Recorded data:
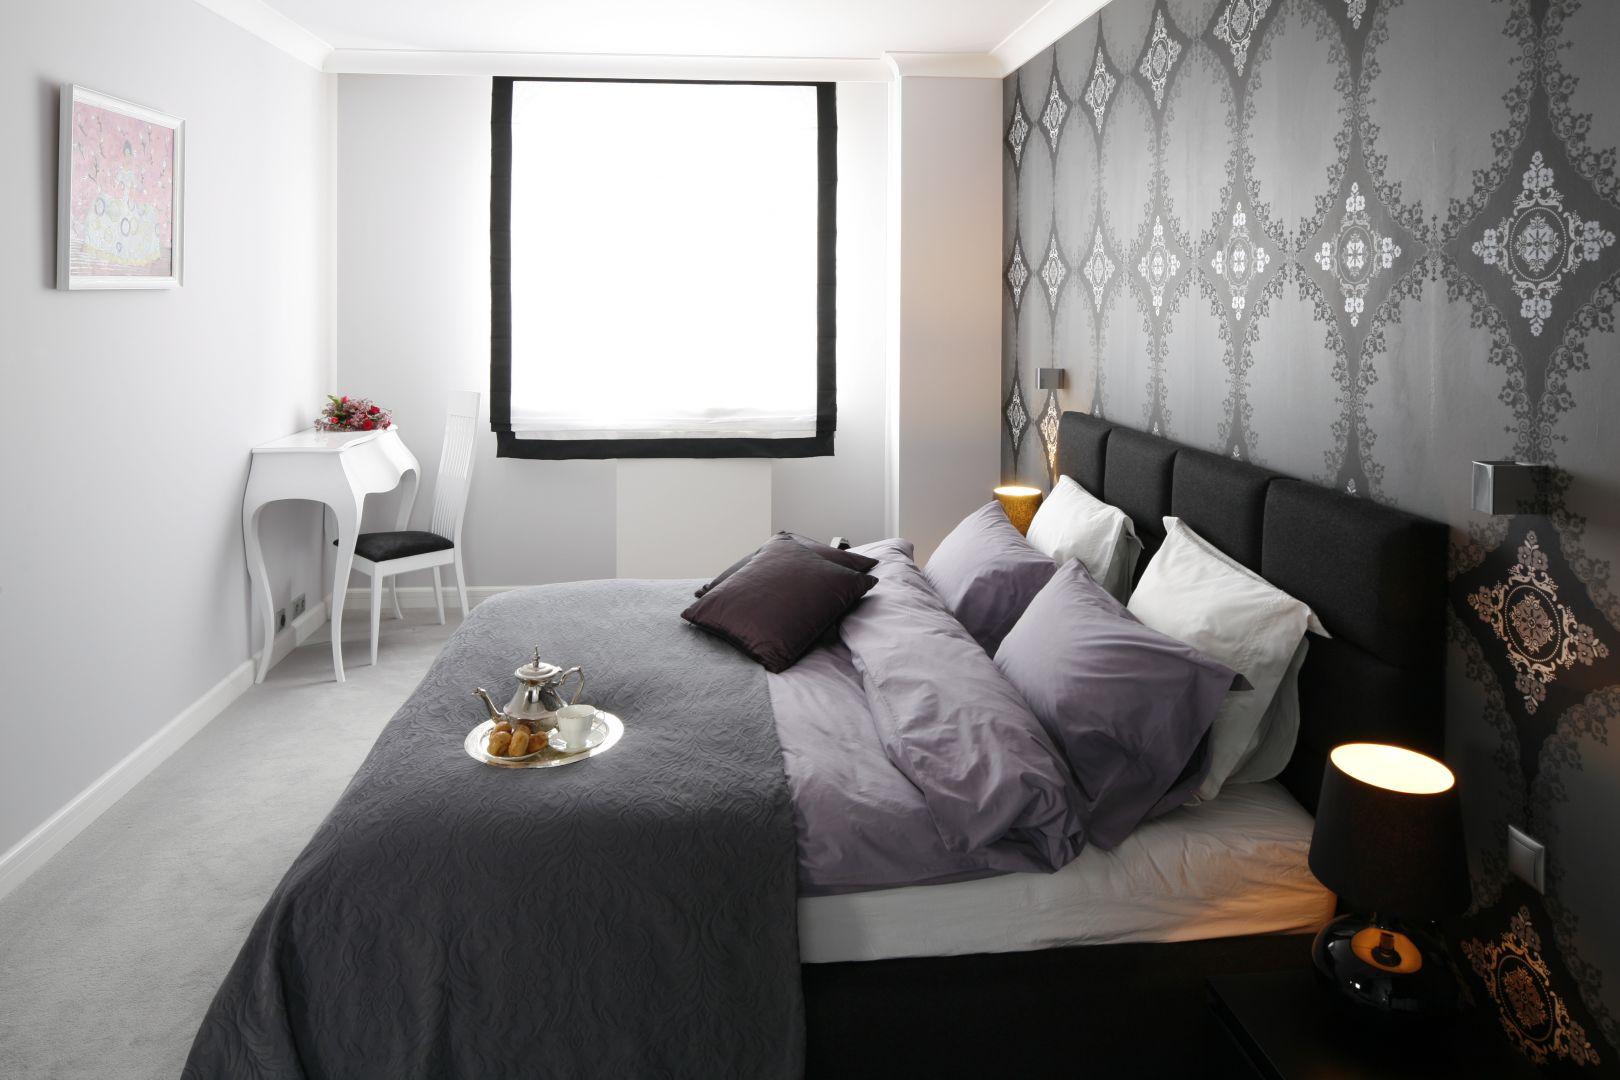 Miękkie, duże łóżko to niezbędny element wyposażenia każdej sypialni. Wygodnym rozwiązaniem jest wybór modelu z tapicerowanym zagłówkiem. Taki rodzaj łóżka doskonale prezentuje się na tle wzorzystej tapety. Projekt: Magdalena Smyk. Fot. Bartosz Jarosz
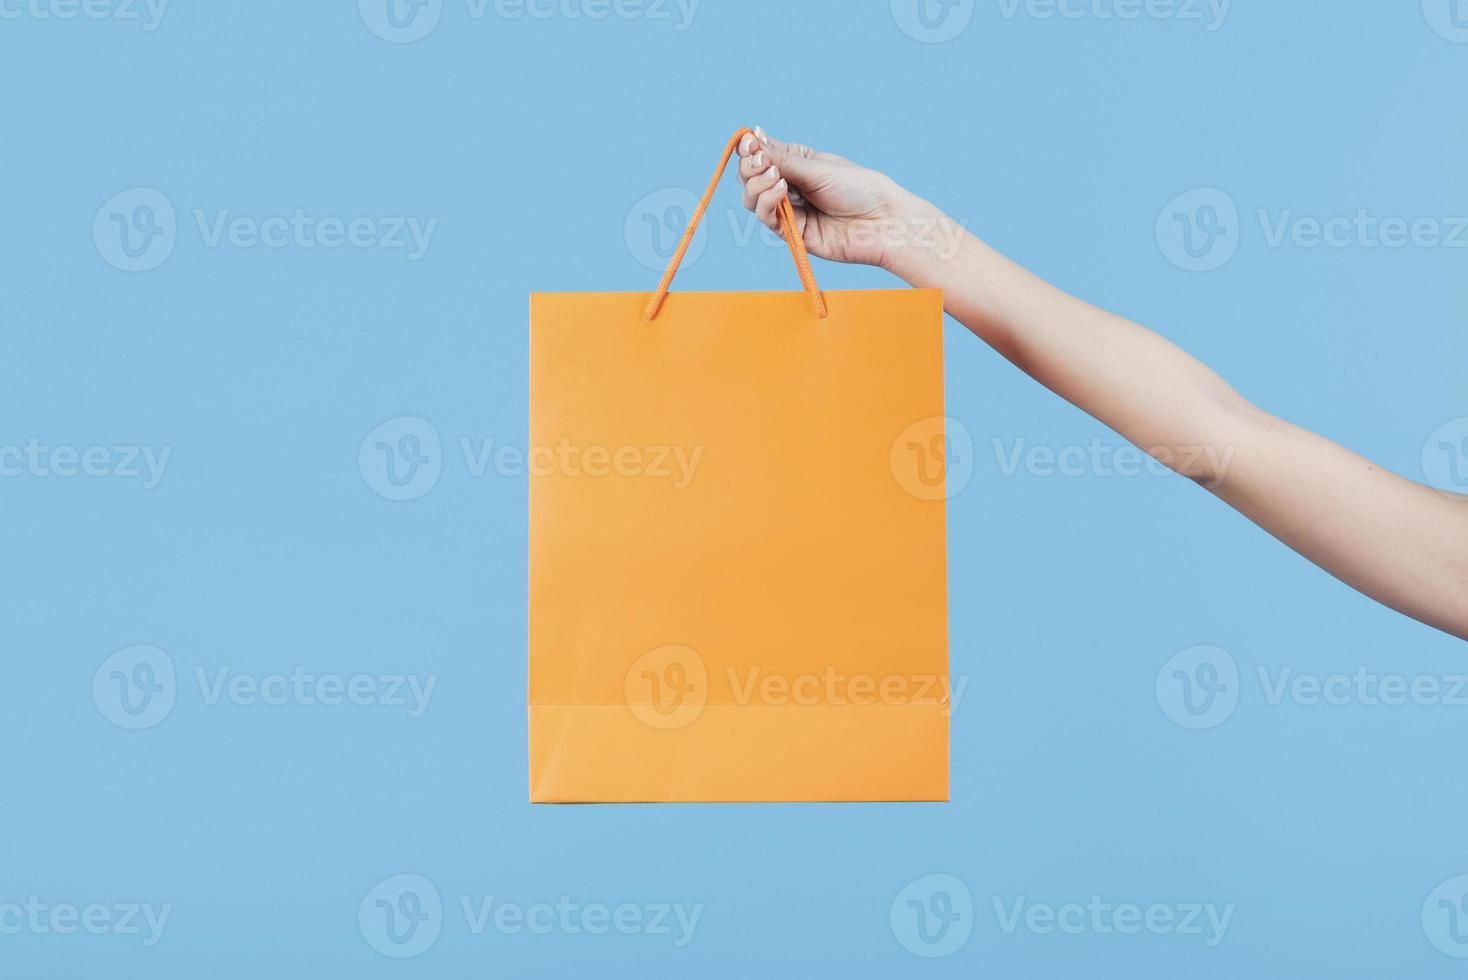 mão segurando uma sacola de compras em um fundo azul claro foto
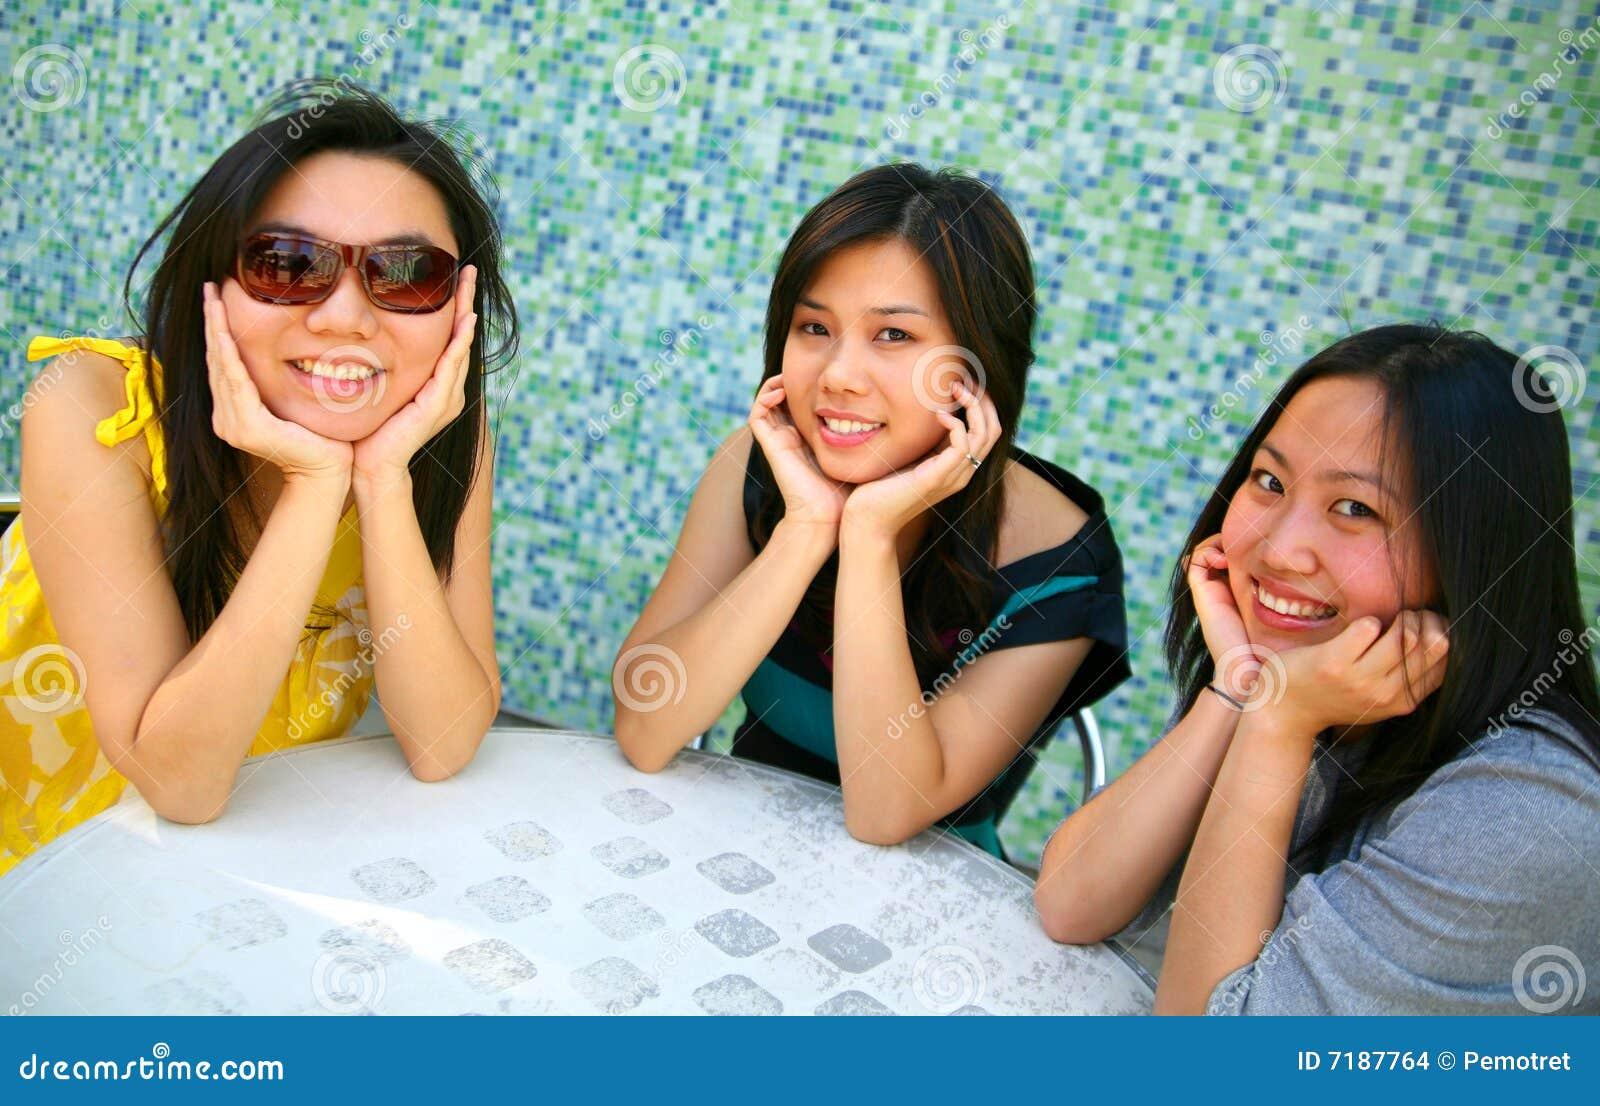 De glimlachende Aziatische Kin van de Holding van Meisjes
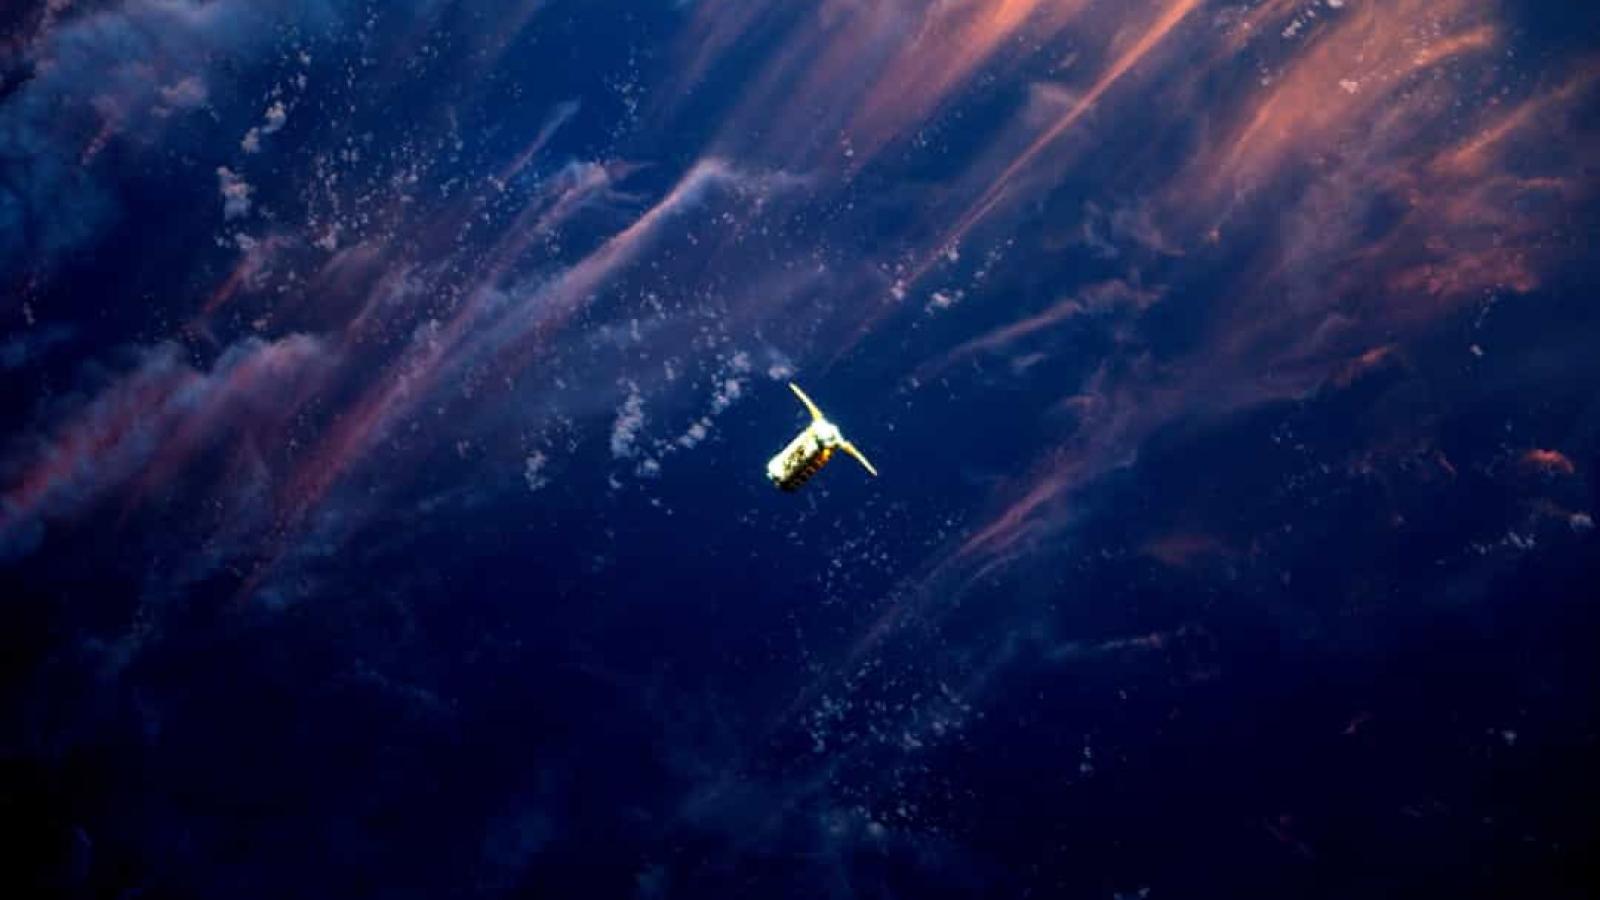 Những hình ảnh vũ trụ ấn tượng của NASA khiến chúng ta cảm thấy thật nhỏ bé

What to do: Could you transcribe exactly the lines from the one with "mão segurando uma" through the end of the data, both ends included, and nothing else, skipping the pictures?

Reply to the exercise:
 mão segurando uma sacola de compras em um fundo azul claro foto
 De glimlachende Aziatische Kin van de Holding van Meisjes
 Những hình ảnh vũ trụ ấn tượng của NASA khiến chúng ta cảm thấy thật nhỏ bé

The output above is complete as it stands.